In one-by-one sessions that had all the trappings of a daytime talk show, Hillary Clinton, Barack Obama, John Edwards and Bill Richardson each tried to mix eloquence and poignance in highlighting their support of civil unions and equal benefits for same-sex couples. But only Dennis Kucinich and Mike Gravel support marriage per se, and they drew some of the loudest cheers of the evening.

That fact was not lost on HRC President Joe Solmonese, who afterward released a statement saying, “While we heard very strong commitments to civil unions and equality in federal rights and benefits, their reasons for opposing equality in civil marriage tonight became even less clear.”

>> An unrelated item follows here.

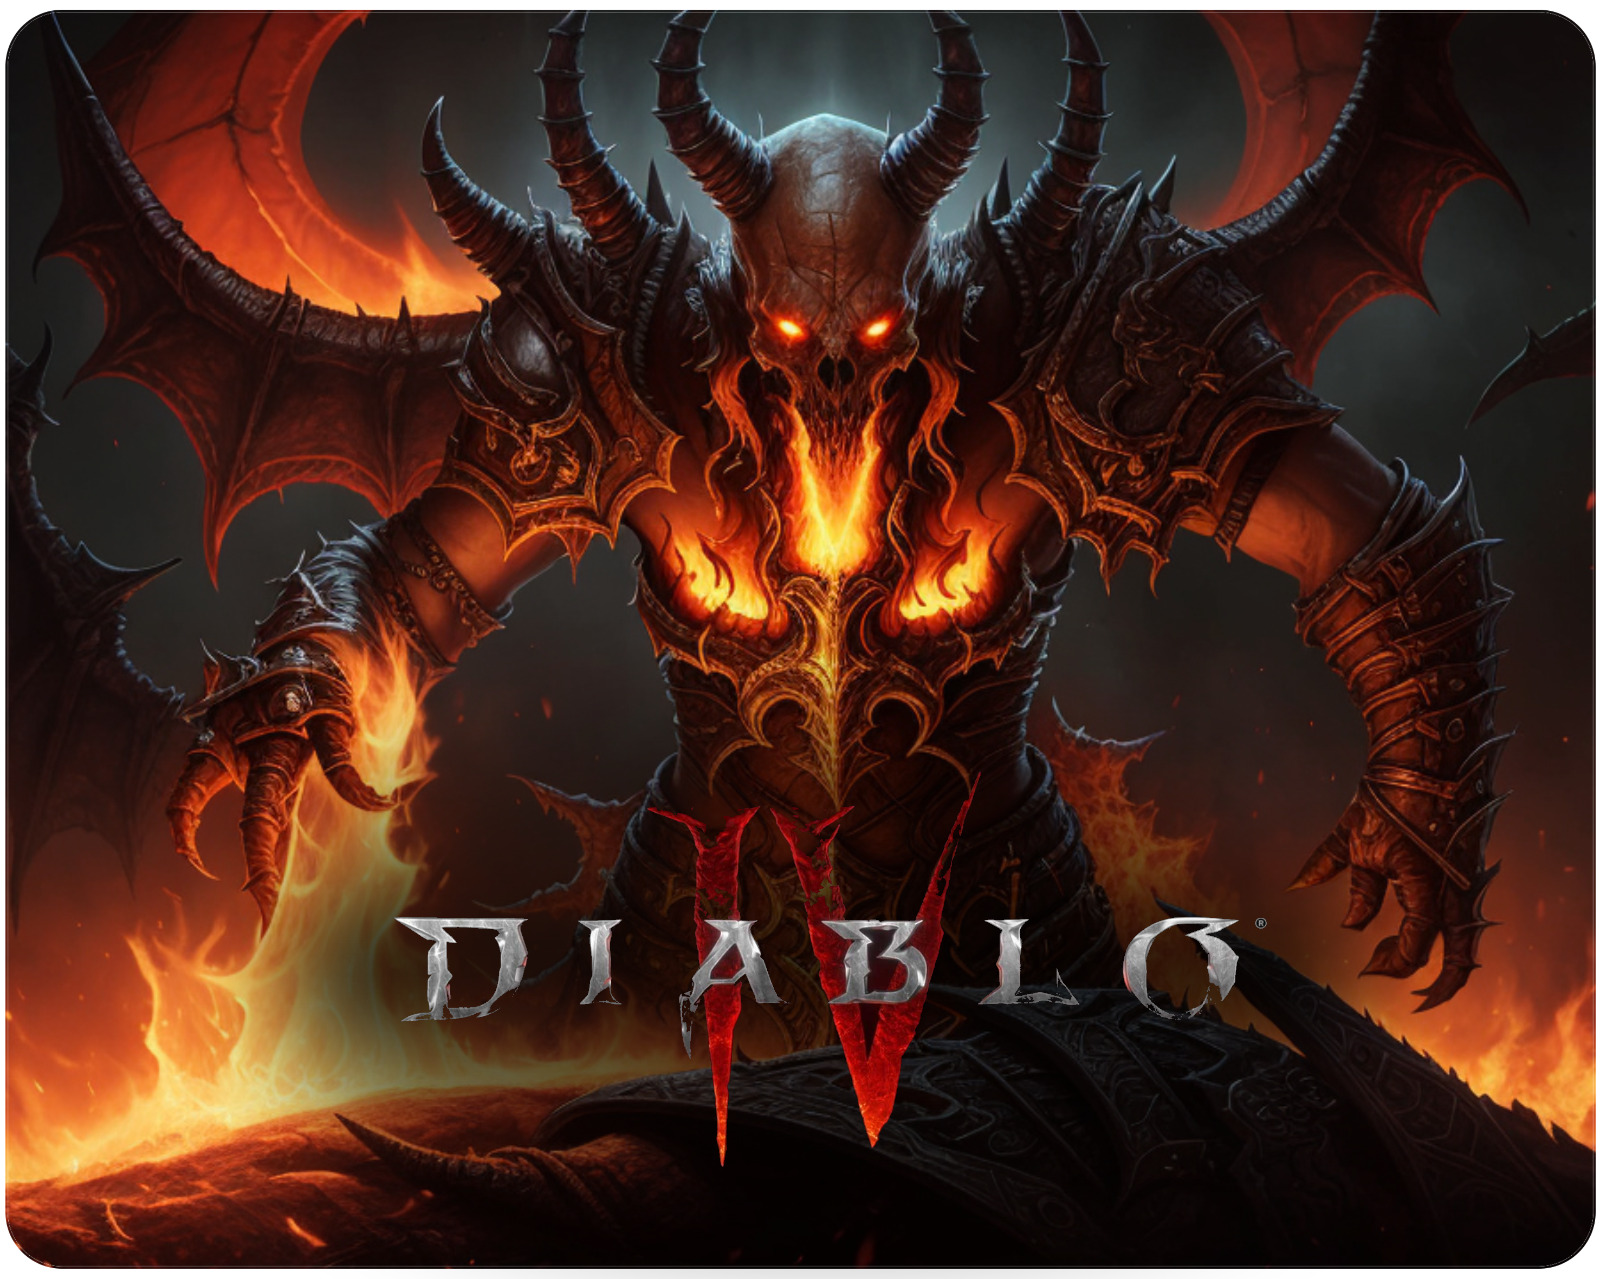 Mouse Pad - Diablo IV Diablo 4 Fantasy - Great Quality, Soft Feel

Yet for many in the studio audience of gay leaders, community activists and entertainment insiders, there was a sense of excitement over the mere fact that so many in the field of contenders showed up. (Citing scheduling conflicts, Joe Biden and Chris Dodd did not attend). As one donor noted, it wasn’t too long ago that candidates would return their money.

There also was hope that the 2008 race won’t be a replay of 2004, when gay issues became a wedge issue that drove many religious conservatives to the polls.

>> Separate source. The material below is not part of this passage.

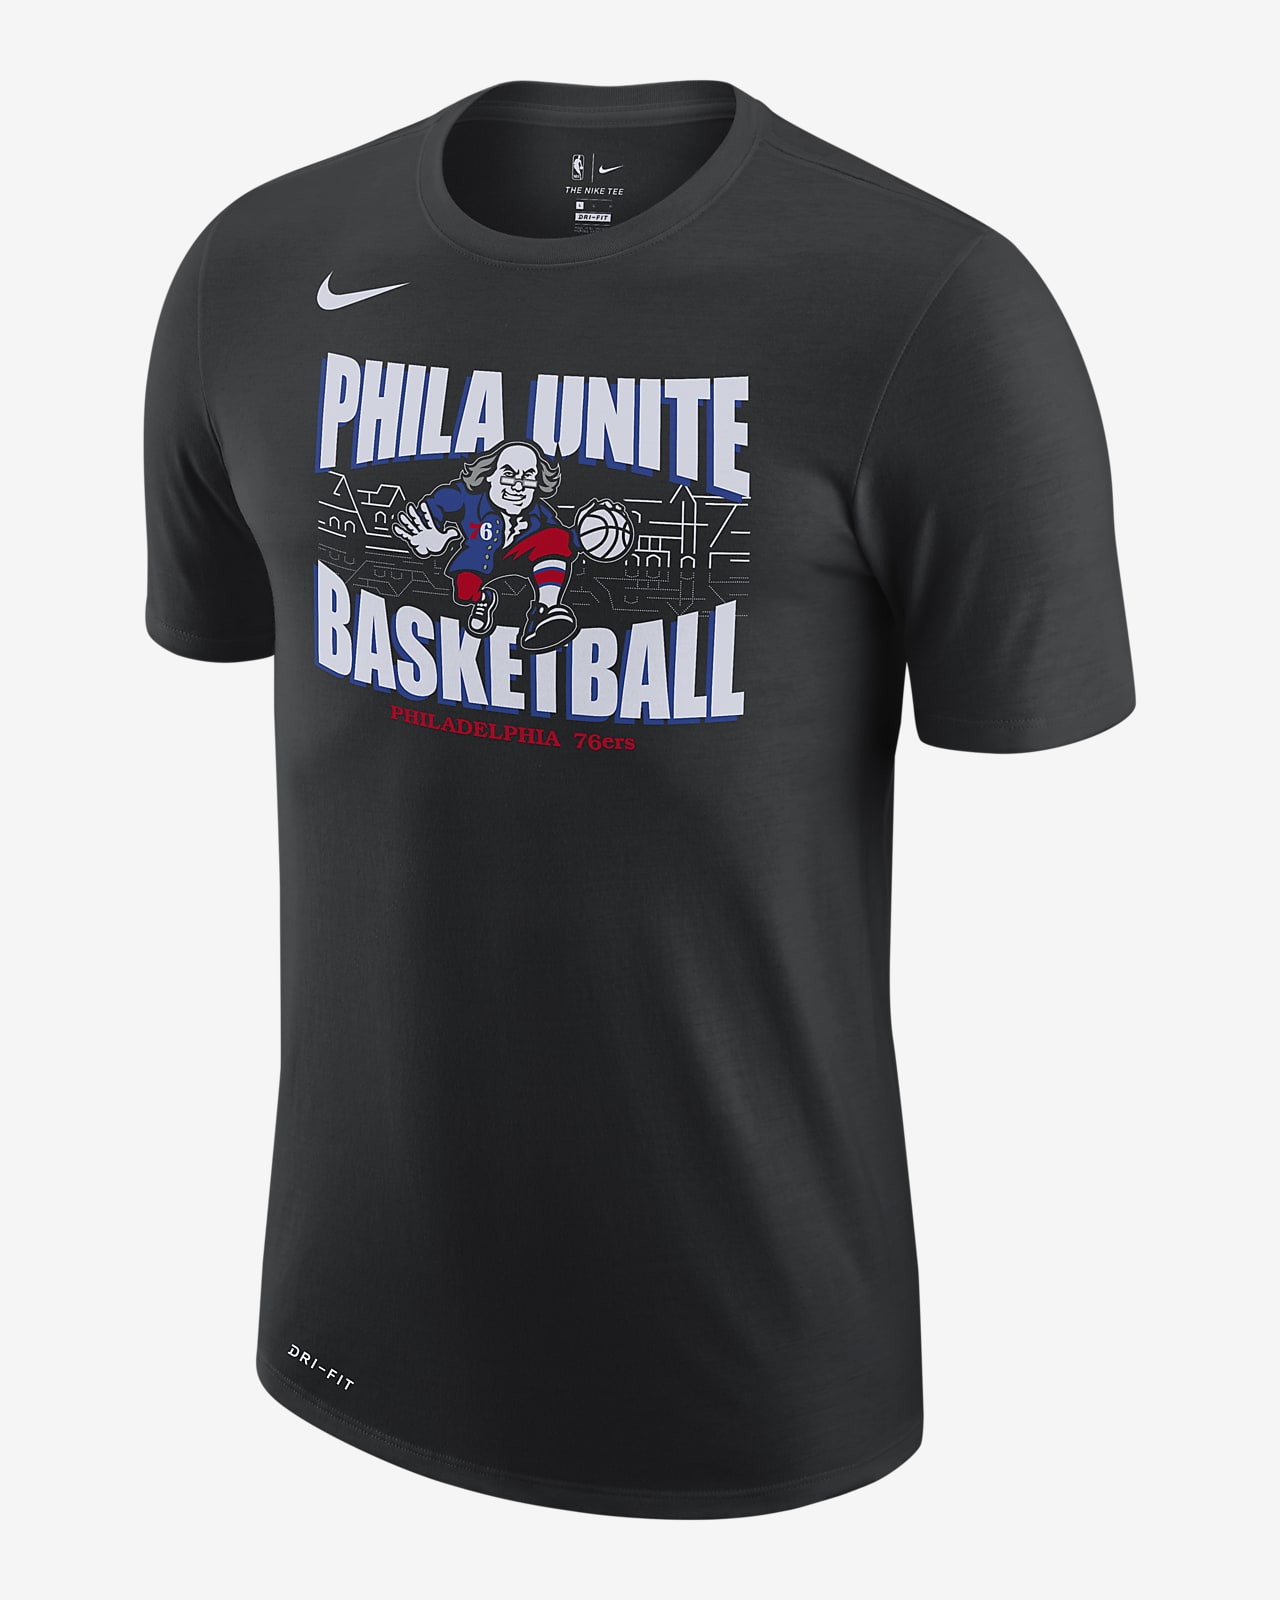 76ers city edition shirt

Among those who attended were actor Neil Patrick Harris, producer Bruce Cohen, “Will & Grace” co-creator Max Mutchnick, entrepreneur Skip Paul and actress Jane Lynch. Also present were Los Angeles city councilman Bill Rosendahl, West Hollywood mayor John Duran, state Assemblyman Mike Feuer and producer Steve Bing.

As friendly as the crowd was, moderator Margaret Carlson and panelists Melissa Etheridge, Washington Post editorial page writer Jonathan Capehart and Solmonese pressed each contender even to some cringe-provoking moments.

In contrast to other forums, where candidates are lined up on stage together, each candidate was given 20 minutes of individual, one-on-one “conversations” with the panel. The result elevated the event to more than mere sound bytes.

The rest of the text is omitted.